Journal Article · 14 December 2019 · Ocean Engineering

DOI: https://doi.org/10.1016/j.oceaneng.2019.106605 · OSTI ID:1580490

^[1]; Bachynski, Erin E. ^[2]; Gueydon, Sebastien ^[3];

^[1]; Schünemann, Paul ^[4]

National Renewable Energy Lab. (NREL), Golden, CO (United States)
Norwegian Univ. of Science and Technology (NTNU), Trondheim (Norway)
Maritime Research Inst. Netherlands (MARIN), Wageningen (Netherlands)
Univ. of Rostock (Germany)

Quantifying the uncertainty in experimental results is a vital step in properly validating numerical simulation tools for designing floating wind turbines; without a good understanding of the experimental uncertainties, it is impossible to confirm if numerical simulation tools can capture the physics with acceptable accuracy.

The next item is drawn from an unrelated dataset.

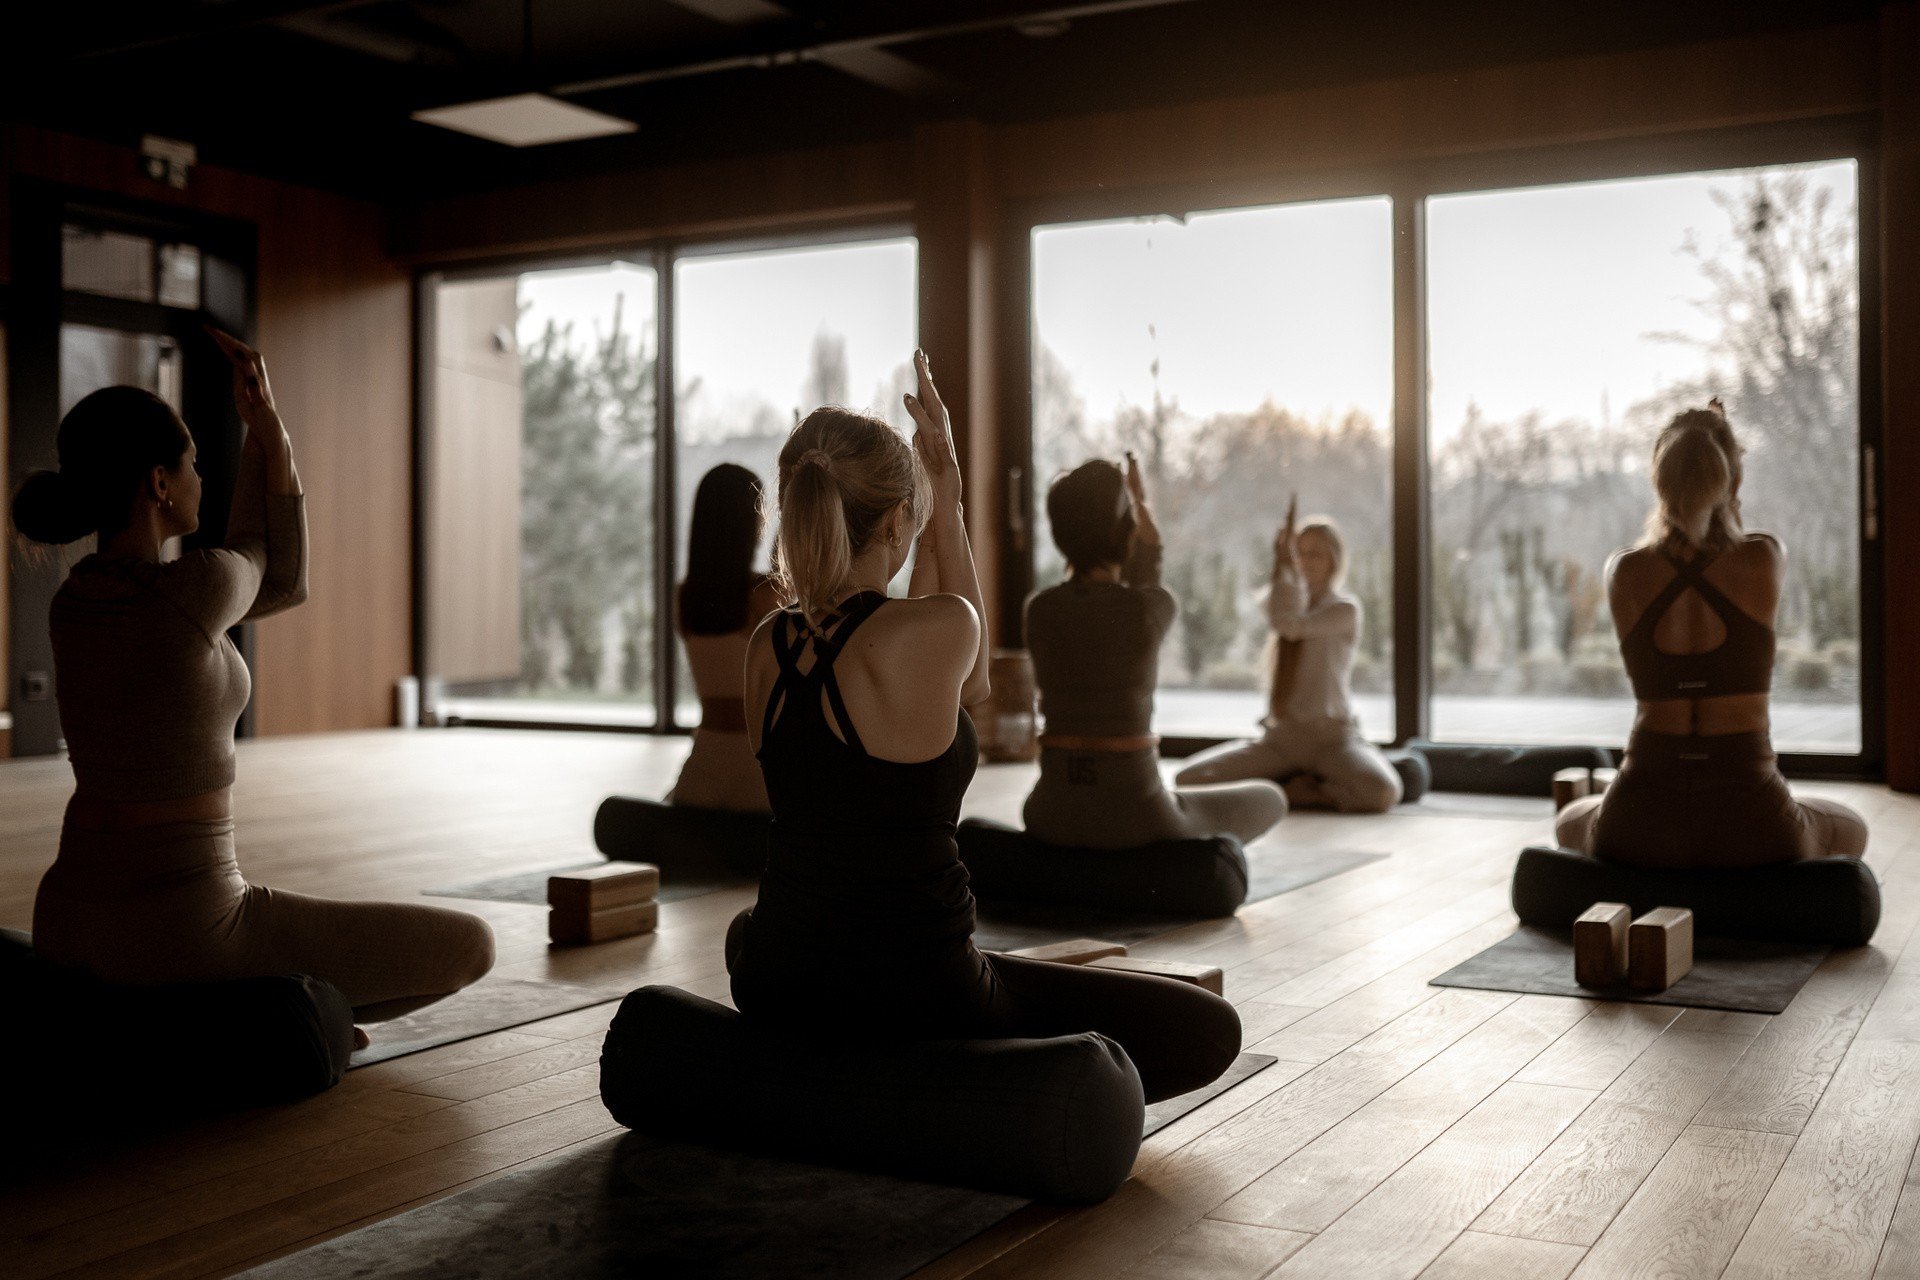 Semana de la mujer, es decir, clases de yoga gratuitas en Sopot.  Es una buena manera de relajarse y cuidar su salud.  Las inscripciones están en curso

Recent validation studies suggest that the wave-induced, low-frequency surge and pitch motions of semisubmersible-type floating wind turbines are consistently underpredicted by numerical simulations, but it has not been possible to state whether or not this underprediction is within the level of experimental error. Here, previously assessed systematic uncertainty components in hydrodynamic tests of the OC5-DeepCwind semisubmersible are propagated to response metrics of interest using numerical simulation tools, and combined with the system's random uncertainty to obtain the total experimental uncertainty. The uncertainty in the low-frequency response metrics is found to be most sensitive to the system properties (e.g., mooring stiffness and center of gravity), and also the wave elevation. The results of the present study suggest that the underprediction of the low-frequency response behavior observed in previous validation studies is larger than the experimental uncertainty.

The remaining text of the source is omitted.